Hedge Fund #SP09
HPC Architect
Business Area: Technology Infrastructure
Highly Specialized, Fast-Paced Global team focused on Advancing Cutting-Edge, Low-Latency Solutions and High-Performance Computing Platforms.
This role offers the opportunity to leverage your expertise in the design, research, and optimization of high-performance computing systems, while engaging in in-depth L3 support and comprehensive technical documentation. You will collaborate with cross-functional teams—including business stakeholders, application owners, clients, and vendors—to deliver scalable, end-to-end solutions.
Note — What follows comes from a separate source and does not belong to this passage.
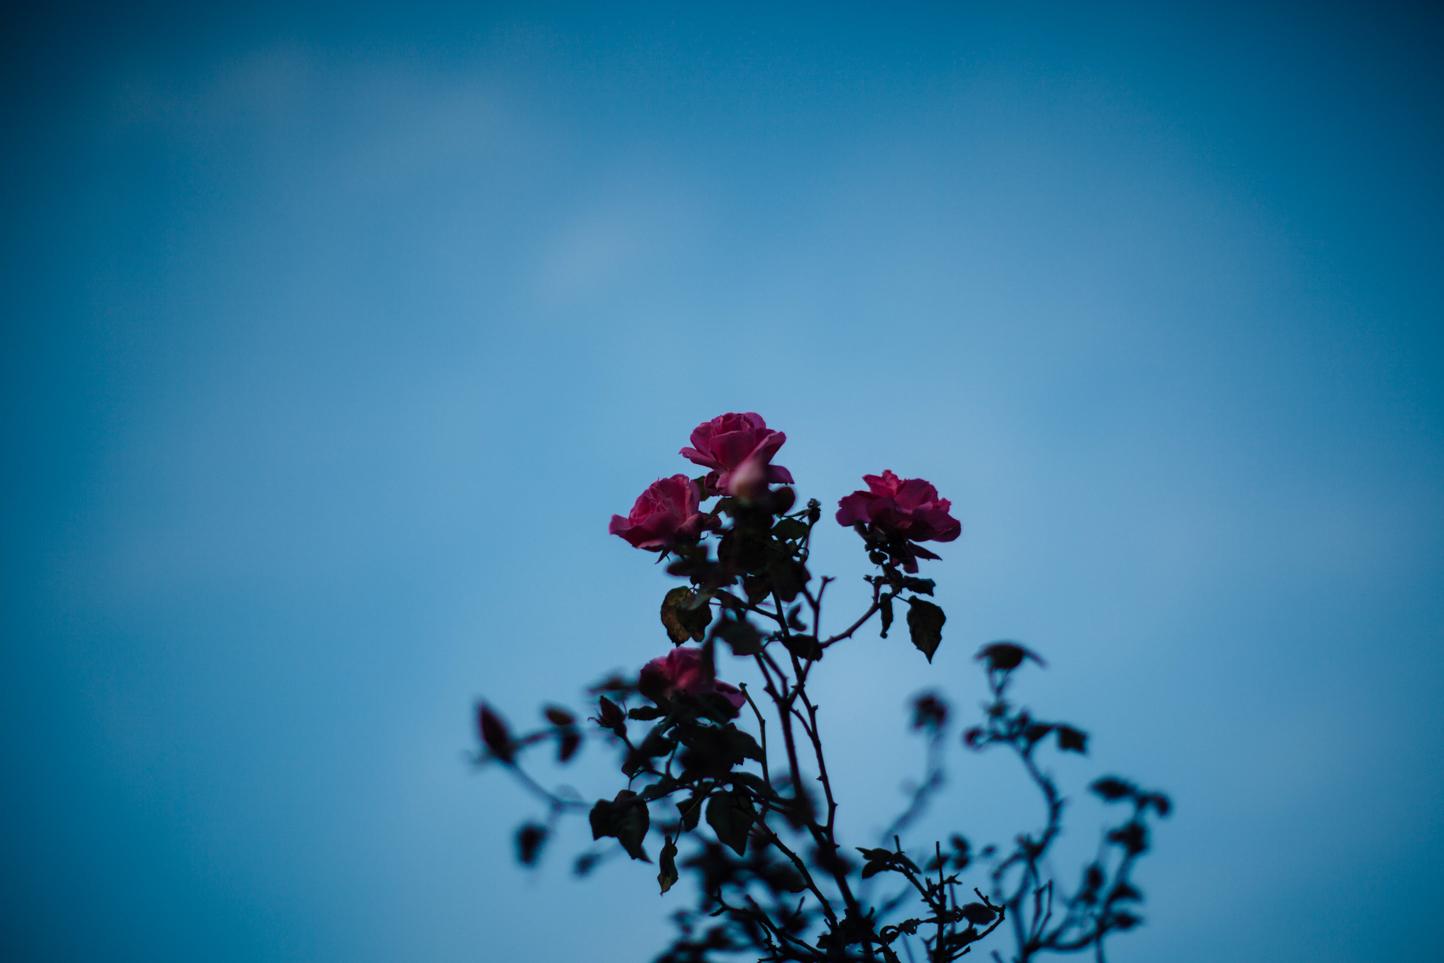 Rose Garden in winter.

If you’re passionate about solving complex problems in a dynamic environment and want to push the limits of innovation, this role is for you.
Key Responsibilities:
- Architect, Document, and Enhance Platform services, with a focus on Server, Storage, and Cloud Technologies.
- Integrate next-gen computing architectures, including GPUs, advanced CPUs, and modern HPC Storage systems to meet Performance & Scalability requirements.
- Conduct Deep Analysis to identify and resolve inefficiencies in compute and storage resource utilization, implementing optimizations at all levels.
- Provide detailed technical documentation to ensure clarity and reproducibility of solutions.
- Utilize Quantitative Metrics to monitor and optimize HPC System Performance, ensuring continuous improvement.
- Lead the Execution of Projects, Collaborating with both internal and external stakeholders to deliver high-impact solutions on time and within scope.
- Offer L3 technical support, diagnosing and addressing complex performance and availability issues across the platform.
- Proactively assess and address potential issues before they impact system stability or performance.
- Develop Tailored Solutions to meet evolving Business and Infrastructure requirements.
Required Qualifications:
- 10+ years of Hands-on Exp .working with Linux-based operating systems (RHEL/Rocky/CentOS/OEL preferred), specializing in system operations, engineering, and performance tuning.
- Expert knowledge of High-Performance Computing Systems, including memory, CPU, and network optimization in high-bandwidth environments.
- Proven ability to identify and mitigate performance bottlenecks across various layers of the stack—operating systems, software architecture, HPC storage systems, and networking.
- In-depth understanding of Network Protocols (TCP, UDP, RDMA) and Advanced Techniques for server and Network Tuning to maximize performance.
- Expertise in Physical Server Architecture, understanding CPU Chipset Architectures (Intel/AMD/ARM) and selecting appropriate hardware to Optimize System Performance.
- Hands-on experience with HPC Job Schedulers (e.g., Slurm, RunAI, Bright Cluster Manager) and their optimization.
- Programming Proficiency in Python and/or C++, with a Strong grasp of Software Development Principles and Performance Tuning.
- Exceptional organizational skills, with the ability to manage competing priorities and thrive in a high-pressure, dynamic environment.
- Strong Problem-Solving and Critical Thinking skills, with the ability to resolve Complex, Ambiguous issues independently.
- Excellent communication skills, both written and verbal, with the ability to articulate complex technical concepts clearly to diverse audiences.
Nice to Have:
- Experience with Configuration Management Tools such as Ansible, Chef, or Terraform to automate infrastructure management.
- Familiarity with Network Switch Architectures and working knowledge of different switch vendors.
- Practical experience with KDB (Q) for High-Frequency Data management.
- Knowledge of machine learning frameworks such as XGBoost, LightGBM, PyTorch, or TensorFlow, and experience in debugging and enhancing applications built with these tools.
- Understanding of Kubernetes and integrating HPC workloads into containerized environments.